Thoroughly involving, Edenfield is, in whole, the unraveling of naivete amidst the swell of lust, love, and betrayal. At its deepest level, it is an all-embracing, coming-of-age account of Weldon Thatcher, a young man in transition and caught up in the most intricate aspects of faith-based academia grounded in the narrowed tenets of fundamentalism: from classroom to dorm room, from prayer meeting to revival meeting, from spirituality to sacrilege, from lust to love—its affects holding sway even after thirty years and well beyond what Weldon thought was his last goodbye.
Edenfield Background
The year is 1962 and young Weldon Thatcher, caught between two worlds (boyhood and manhood, cartoons and raging hormones) is coerced by his mother and the local preacher into attending Edenfield College, a Protestant icon and a place straightaway paranoid about influences from the outside world. Though Weldon is fashioned from a childhood of perfect Sunday school attendance, he brings to Edenfield a determined curiosity to know what lies beyond the boundaries of God’s moral code and the stuff of religion. It is in this context, and in a world beyond his adolescent experience, that he is awakened to a centuries-old chasm of religious dogma.
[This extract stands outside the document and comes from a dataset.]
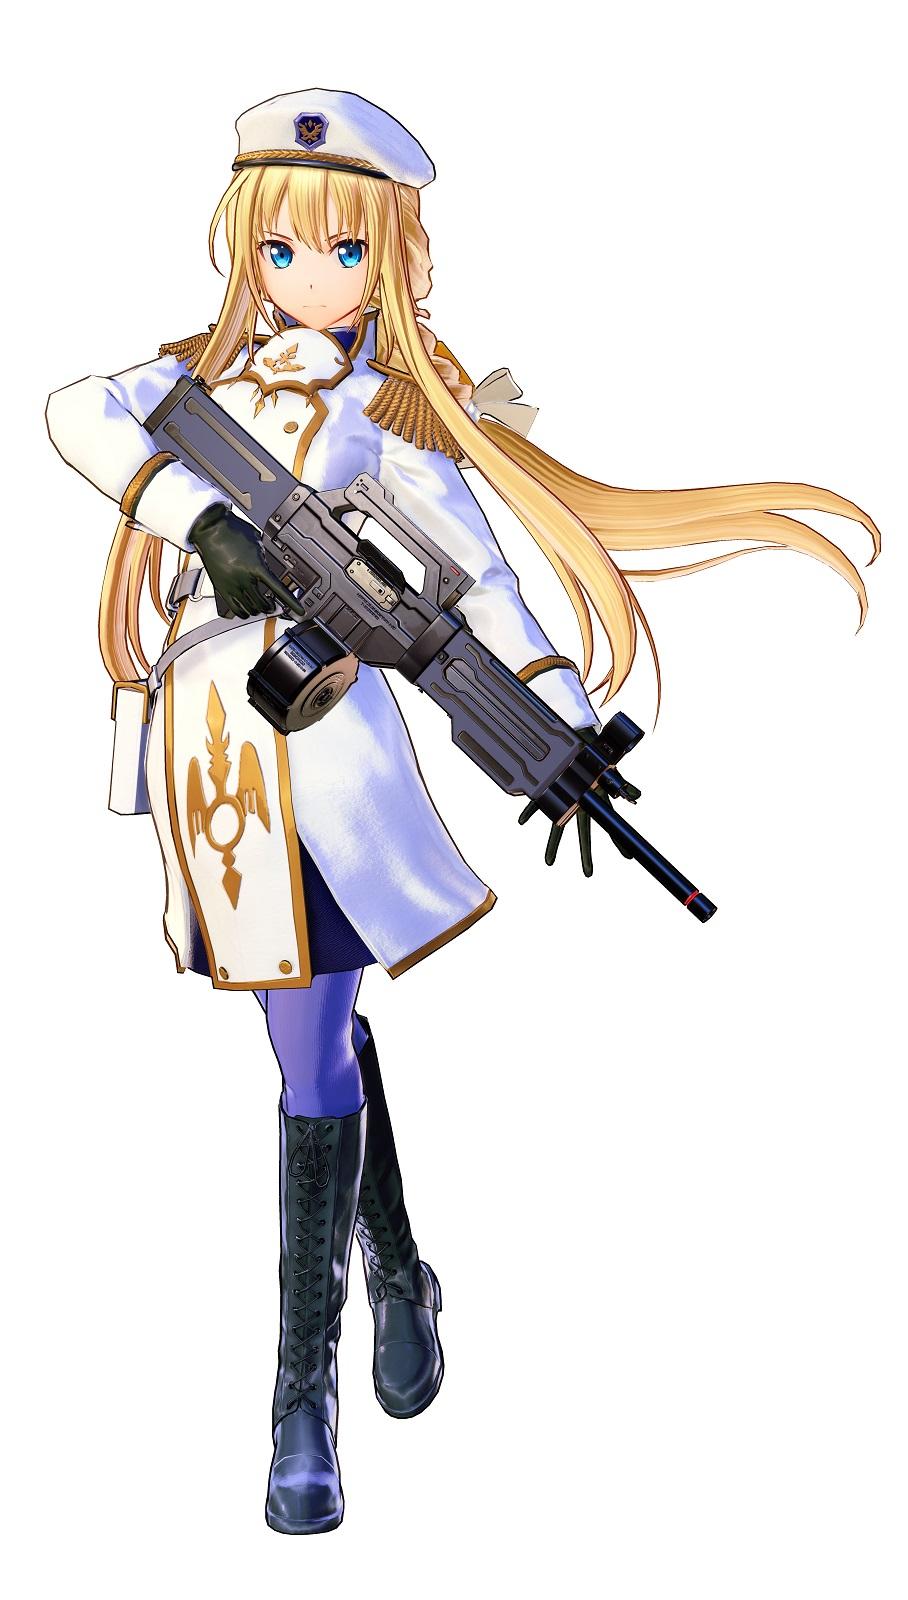 Sword Art Online: Fatal Bullet Season Pass Detailed

Done as a flashback, Edenfield’s overall structure is a first-person narrative; character driven with rich insights into the world of faith-based academia. The site of the principal action is Edenfield College, which, in itself, takes on the part of a character; that is, it is not merely a backdrop against which the action occurs—and which forms the borders of Weldon Thatcher’s world—but one which acts upon him as well.
author footnote
In the telling of Edenfield, I wanted to shed light on the pitfalls inherent with coming of age—a time when the pain of self-introspection takes up the bigger part of one’s reality. In hindsight, I’m hoping these Edenfield experiences will, in some emblematic way, become part of someone’s survival guide.”